You probably wouldn’t assume it by looking at me but I have a streak of lumberjack in me. It’s not just the flannel and chamois shirts I favor once the air becomes nippy.
My constant gardener, aka Gilda, loves her compost and mulch, resulting in many an afternoon spent by yours truly collecting fallen leaves to be pulverized in my Sears Craftsman Leafwacker Plus. One day last week after chopping up 15 bags of leaves I filled another 18 black, 40-gallon Hefty bags with the discards from maple and oak trees. I shredded those leaves this afternoon.
A few years ago I bought the Leafwacker from a Craig’s List poster in New Jersey for $25 and have enjoyed the annual autumn ritual of mulching leaves. It’s a lot less laborious than my two decades-ago lumberjack toil of collecting, chainsawing, chopping and stacking tree limbs culled from the roadside for our wood-burning stove.

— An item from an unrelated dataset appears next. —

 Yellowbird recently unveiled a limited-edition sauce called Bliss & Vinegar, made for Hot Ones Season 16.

Anyway, there’s a back-to-nature type of pleasure I get from this exercise, which almost got stopped in its tracks this year. Shortly after starting last week, the Leafwacker ground to a halt. I thought it might have shorted out on the foil wrapper of a Twix bar that had infiltrated the leaves. I took the machine to the Sears repair shop. They said it would cost some $125 with no guarantee they could fix it.
I passed on that “reassuring” estimate and turned to Google. Sure enough, there were several posts about sudden stoppages of a Leafwacker, including one suggestion to hit the reset button on the bottom of the inverted machine. Who knew there was a reset button? Again sure enough, the Leafwacker sprung back to life. A short while later the mulcher stopped again in mid-stream but this time I knew what to do. Hooray for technology.

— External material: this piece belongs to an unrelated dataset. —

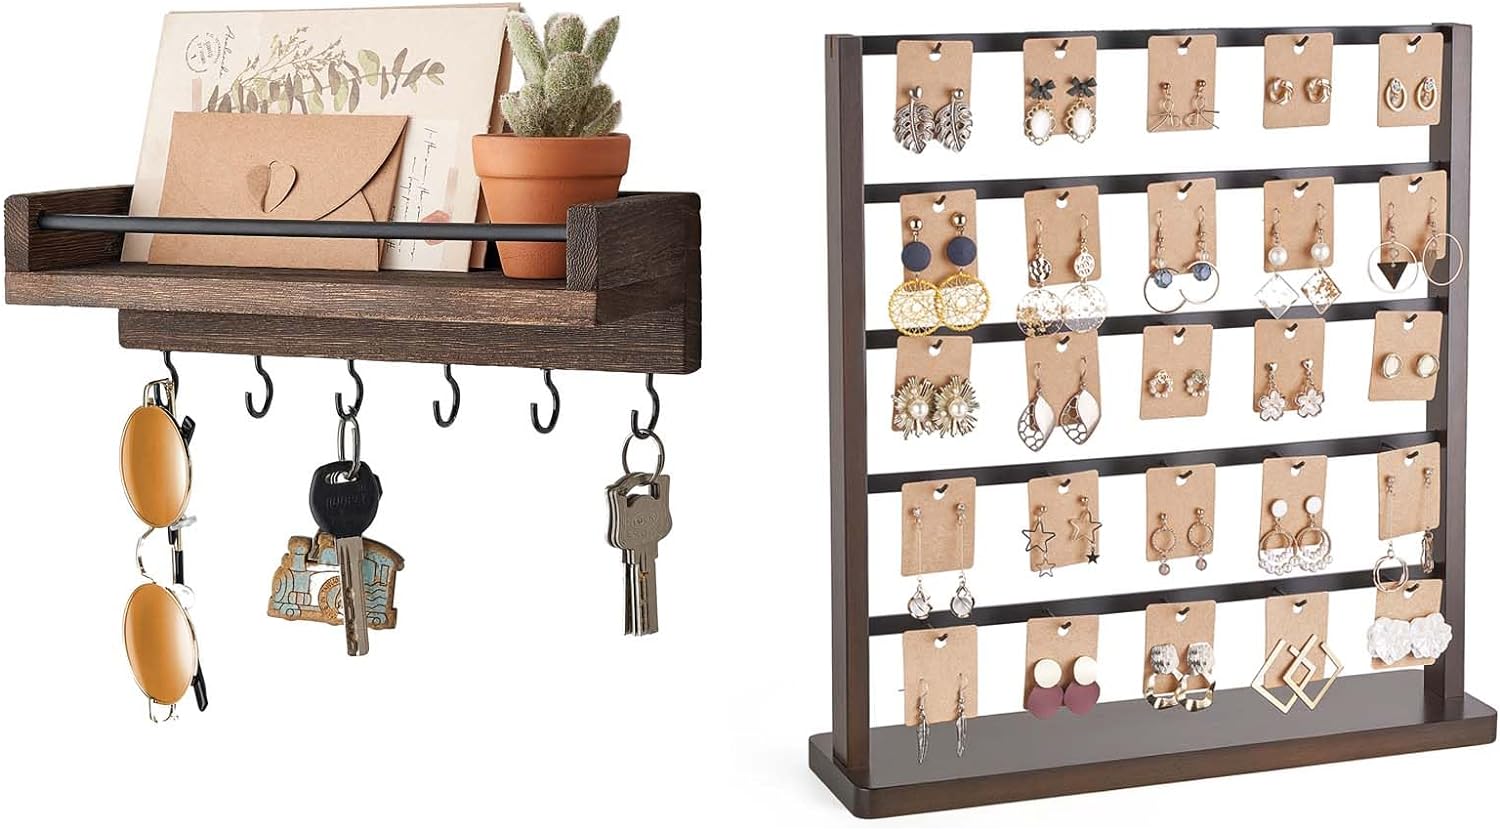 Mkono Key Holder for Wall Small Key Rack Decorative Display Keys Hanger and Earring Display Stands Wooden Earring Holder Organizer with 25 Hooks Earring Organizer 5 Layer Jewelry Display

Sleep Tight: The good people who sold us our Sleep Number bed called over the weekend to ask how we’ve been slumbering and to suggest a technology add-on. With SleepIQ, we’d be able to monitor things like how many times we got up in the middle of the night, how often we tossed and turned, our heart rate and breathing rate, and how our diet affected our sleep. All this for $499.

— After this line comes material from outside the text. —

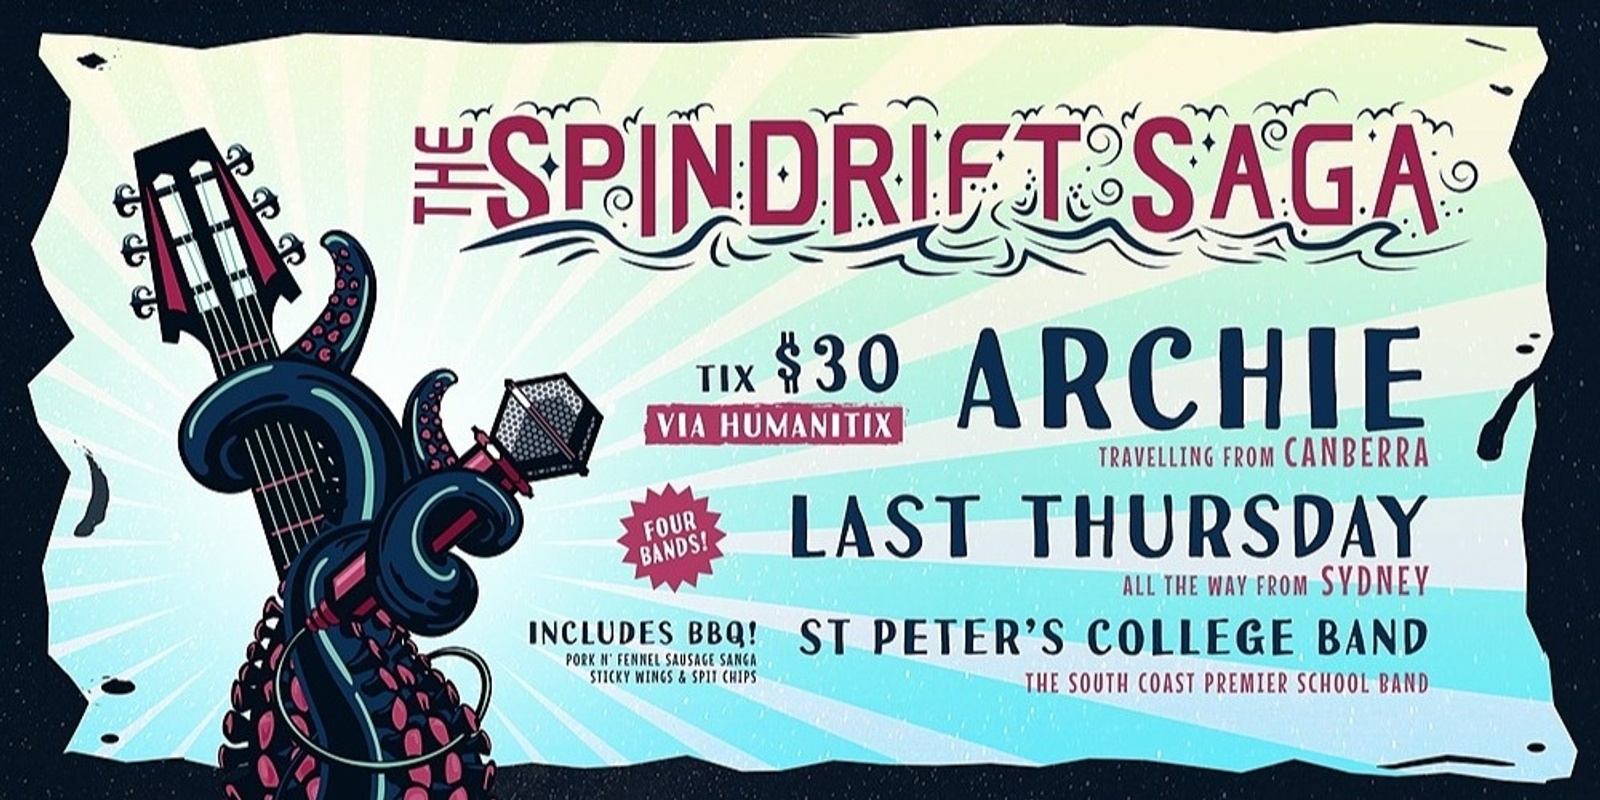 Banner image for The Spindrift Saga, ARCHIE, Last Thursday and the St Peter's College Band @ Smokey Dan's

I respectfully declined, though I would have liked to find out how SleepIQ distinguishes normal tossing and turning from the bodily movements of two people making love.
Here’s another question I’d like the answer to—when Gilda and I recently went to the movies, we saw a preview for "50 to 1," what was said to be “based on the true story of horse racing legend Mine That Bird.”
Okay, lots of pictures these days originate from “true” stories. The next preview was for “Exodus: Gods and Kings.” It did not say the movie was based on a true story. I’m guessing the producers did not want to take sides on whether the Bible was fact- or myth-based, but I’d like to know their reasoning.
Spoiler Alert: The movie we saw was “Gone Girl,” which contained one of the best puns I’ve heard recently. It concerned Amy Dunne who masquerades her own disappearance and possible murder. In describing missing person Amy, a TV personality said she “forged a successful career in journalism.” As the British say, brilliant.